So we rest harder. We book wellness. We turn rest into a task, another thing to succeed at. And when it doesn’t work, we assume the failure is personal.

But maybe the issue isn’t that we’re bad at resting. Maybe rest itself has changed.

exhausterwhelmulated

True rest requires a sense of safety. Not just physical safety, but cognitive safety – the feeling that nothing is required of you, that nothing urgent is happening, that you’re not missing something crucial. That feeling is increasingly rare. Even when nothing is happening, something could be happening. And that possibility alone keeps us half-alert.

We’re living in a low-grade emergency state, all the time. Not enough to panic, but enough to never fully relax.

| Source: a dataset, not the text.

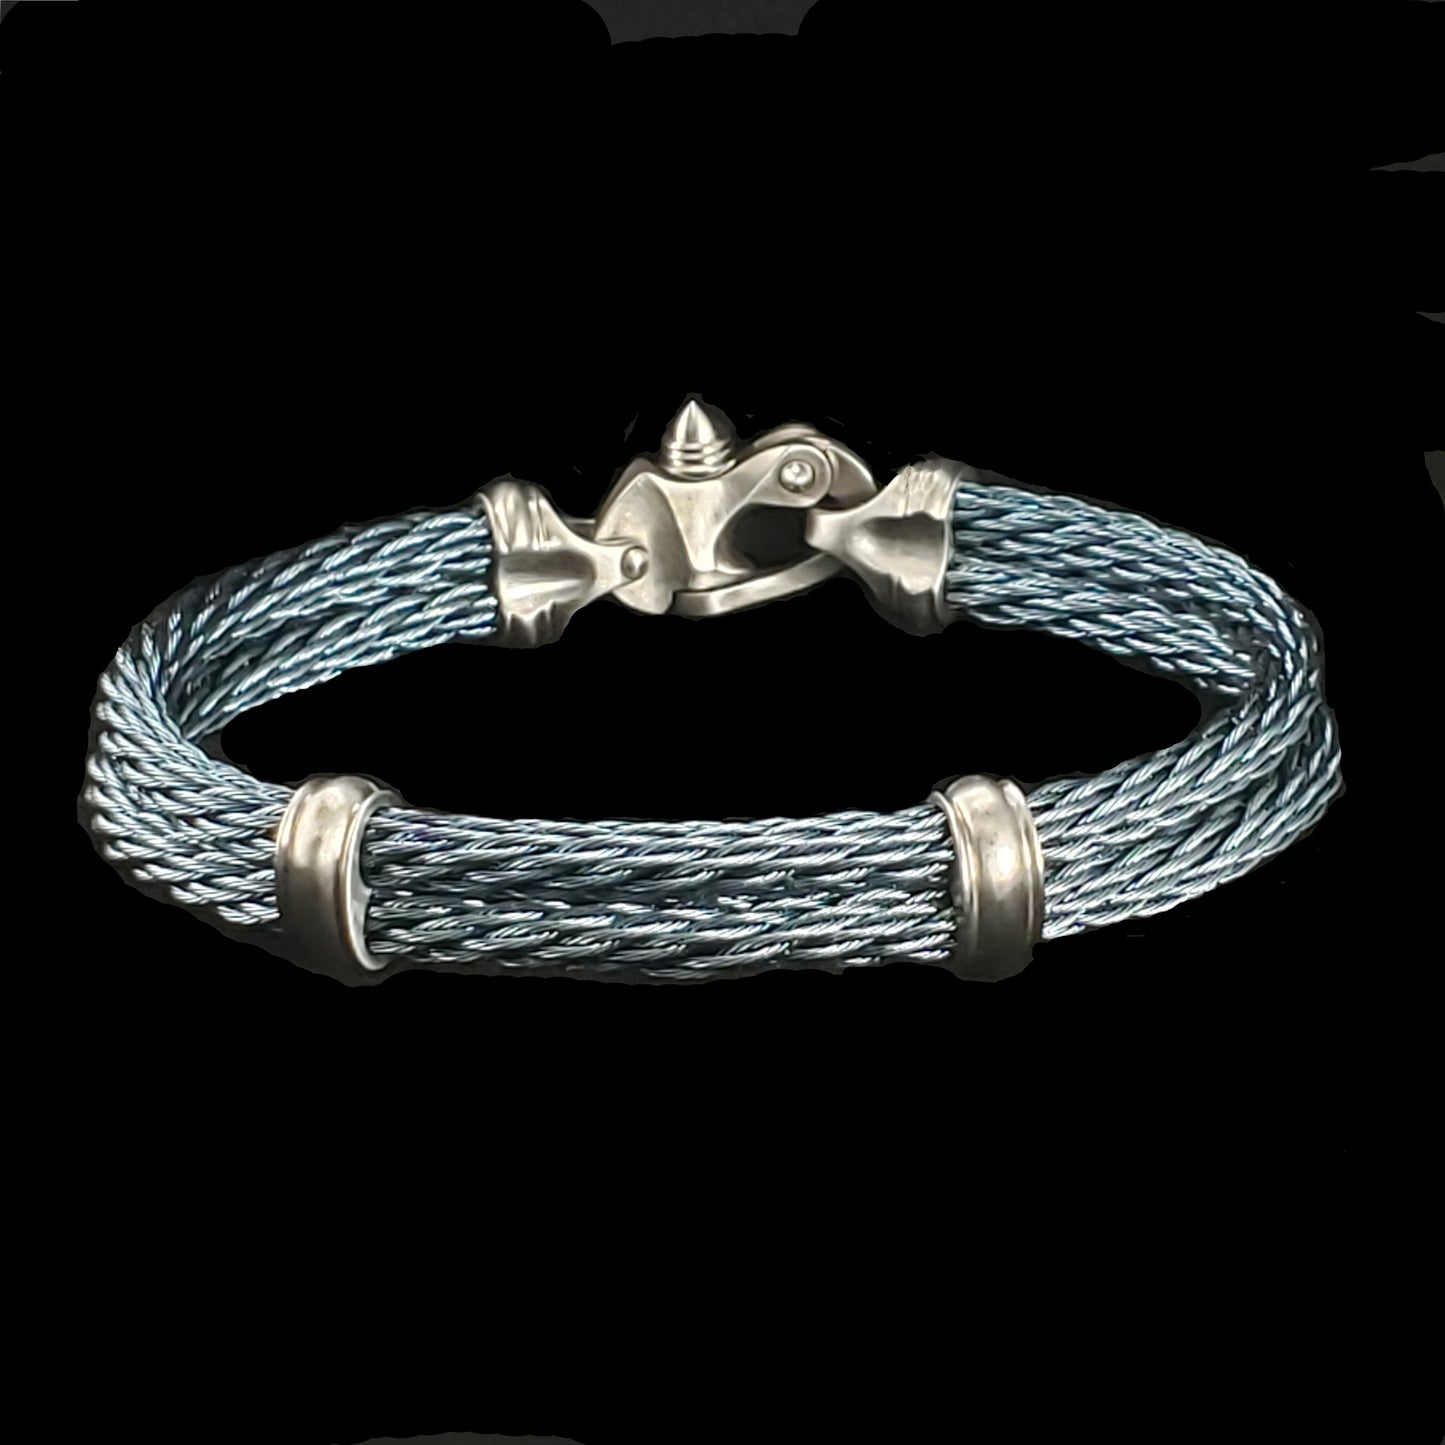 PVD Nouveau Braid® Cable Bracelet with Mariner's Clasp®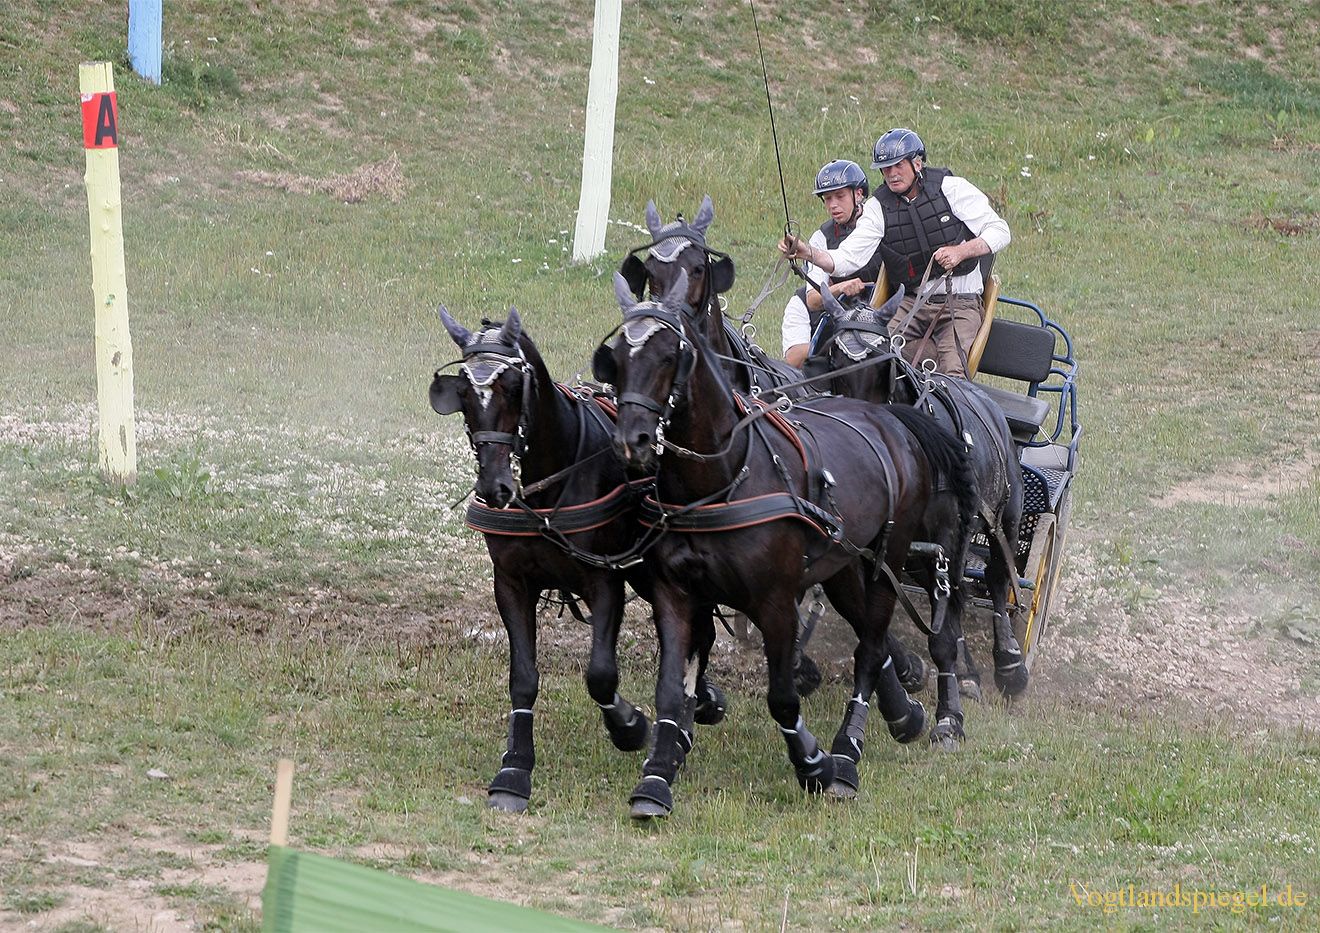 RFV Mohlsdorf e.V. rief Pferdesportfreunde zum Championat

I don’t think the solution is more discipline or better routines. I’m suspicious of anything that frames this as an individual productivity problem. You can’t habit-track your way out of a nervous system that’s been trained for constant input.

I don’t have a clean ending for this. No five steps. No morning routine. I’m still exhausterwhelmulated more days than not.

But I’m learning to be suspicious of rest that looks impressive, shareable, optimised. And to take seriously the kinds of quiet that don’t photograph well.

The kind where nothing happens.
The kind where you’re a bit restless.
The kind that doesn’t fix everything, but at least doesn’t ask anything of you.

That might be the closest thing to rest we have left.